Strategy 4: Change sales incentives, change behavior
Communication during a crisis can make all the difference between success and failure. Money talks for any sales team, so the best way to drive effective communication is to financially reward the necessary behavior. Doing this right requires agility, responsiveness, and sales team buy-in. B2B companies must lean on the tried-and-true carrot (incentives) and stick (reporting) methods in a data-driven fashion.

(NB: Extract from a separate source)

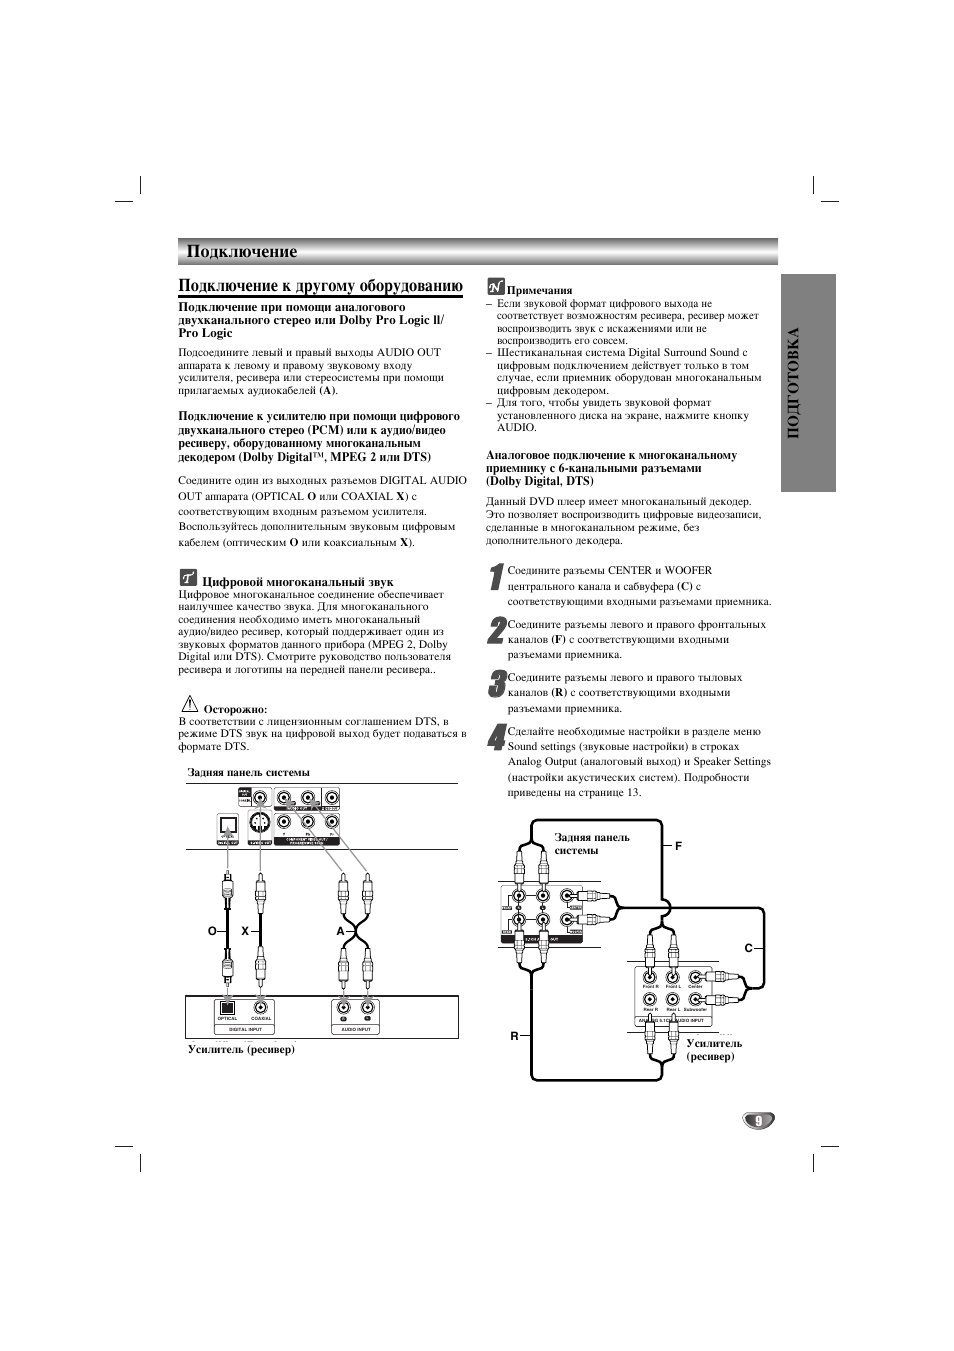 Подключение, Подключение к другому оборудованию | Инструкция по эксплуатации LG DKS-6100 | Страница 9 / 28

For manufacturers facing commodity shortages and shrinking inventories, a sound strategy is to heavily incentivize margin percentage. Considering there is limited downward pressure on margin, coupled with accepted knowledge of volume shortfalls, it’s critical to limit discounting and change reps’ behavior quickly. Communicate a limited-time margin incentive, track adoption with real-time analytics to hold sellers accountable, and continually reinforce the urgency.
Conclusion
Whether inflation is transitory or long term, B2B companies should seize the opportunity to be prepared with an intelligent and measured price response. Companies that utilize modern price optimization and price-and-deal management software have discovered that it is possible to be surgical and speedy at scale. These sophisticated systems power intelligent commerce and can rapidly execute all of the above inflation-response strategies. This is how leading organizations are making pricing competency synonymous with business resiliency, enabling them to act and react quickly when market triggers require companies to make price moves.